The previous service used systemd's StateDirectory configuration to
ensure multiple instances referred to the same file on
disk. Adjusting the connection information here is another case
where some of the defaults of the framework kick in and things
actually feel like they get simpler. If the systemd service file is
this (StandardInput=socket is
the inetd
compatibility option):
[Unit]
Description=demo java server %i
Requires=demo@%i.socket
[Service]
DynamicUser=true
PrivateNetwork=yes
StateDirectory=wsgi-demo
StandardInput=socket
Environment="SPRING_DATASOURCE_URL=jdbc:sqlite:%S/wsgi-demo/requests.db?journal_mode=WAL&foreign_keys=true&cache_size=10000&temp_store=MEMORY&synchronous=NORMAL&busy_timeout=10000"
ExecStart=mvn spring-boot:run
Admittedly, a little hairy for putting the full connection string into an environment variable. Also I wouldn't normally use maven to run a real application but you'll forgive me a few shortcuts. The application simplifies through the use of Spring's property/value annotation:
@Configuration class DataSourceConfig { @Bean public DataSource dataSource(@Value("${spring.datasource.url}") String url) { return DataSourceBuilder .create() .driverClassName("org.sqlite.JDBC") .url(url) .build(); } }
Assuming the above service is run from a systemd socket on an alternate port from the previous Python application (8080), an HAProxy configuration to integrate the two and route between them can be as simple as:
global
maxconn 2000
log /dev/log local0
user haproxy
group haproxy
stats socket /run/admin.sock user haproxy group haproxy mode 660 level admin
defaults
timeout connect 10s
timeout client 30s
timeout server 30s
log global
mode http
option httplog
frontend ingress
bind *:80
acl is_count path_beg /count
use_backend java_backend if is_count
use_backend python_backend
backend java_backend
server app2 127.0.0.1:8081
backend python_backend
server app1 127.0.0.1:8080
In practice I think it more likely I'd use a more general route prefix, subdomain, or header but they're all approximately as much work so this will have to be demonstration enough.

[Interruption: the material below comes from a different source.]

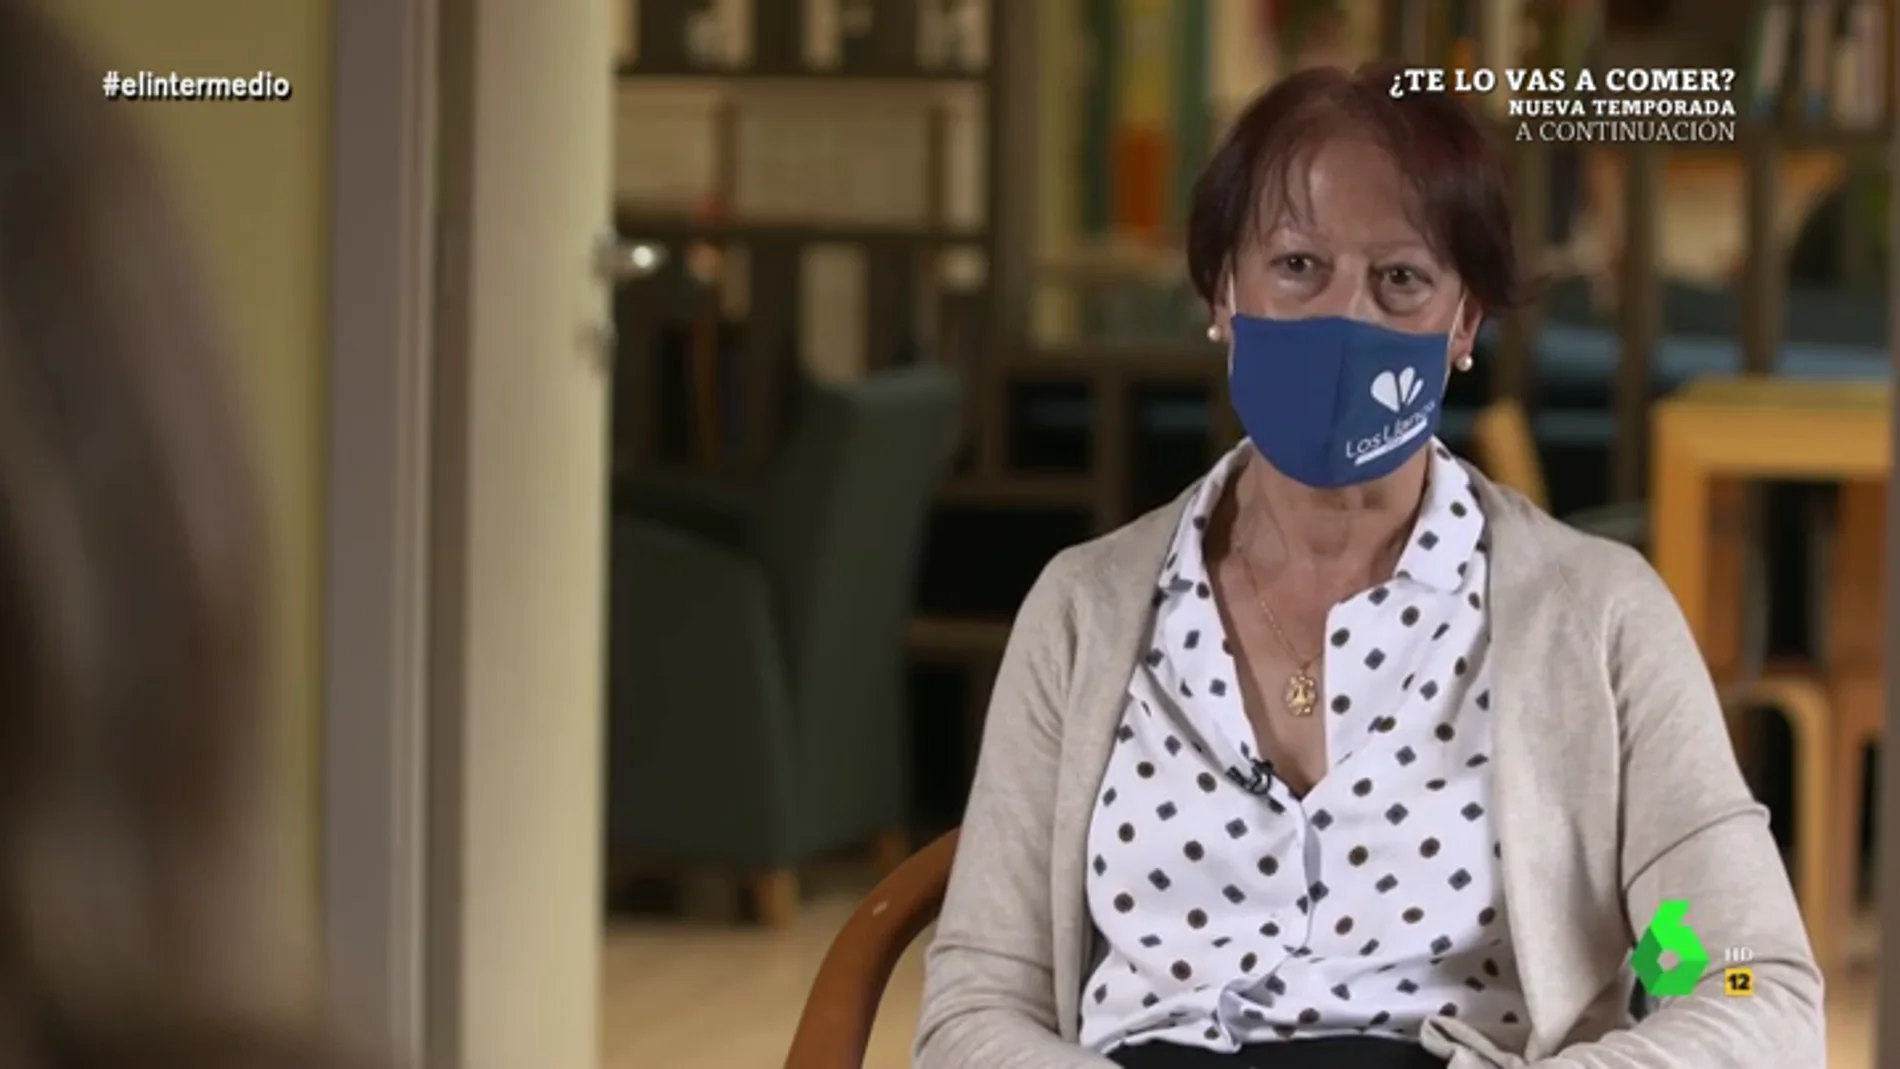 El duro testimonio de Juani, trabajadora en una residencia de ancianos: "No se me olvidará su miedo en los ojos"

I kept thinking I was going to hit some snag but instead I've got a working spring boot application reading a SQLite database and serving HTTP requests all in about a screenful of code. It is socket activated and integrated into systemd's service management without much fanfare. The performance is also much better than an analogous python service without any real work towards it.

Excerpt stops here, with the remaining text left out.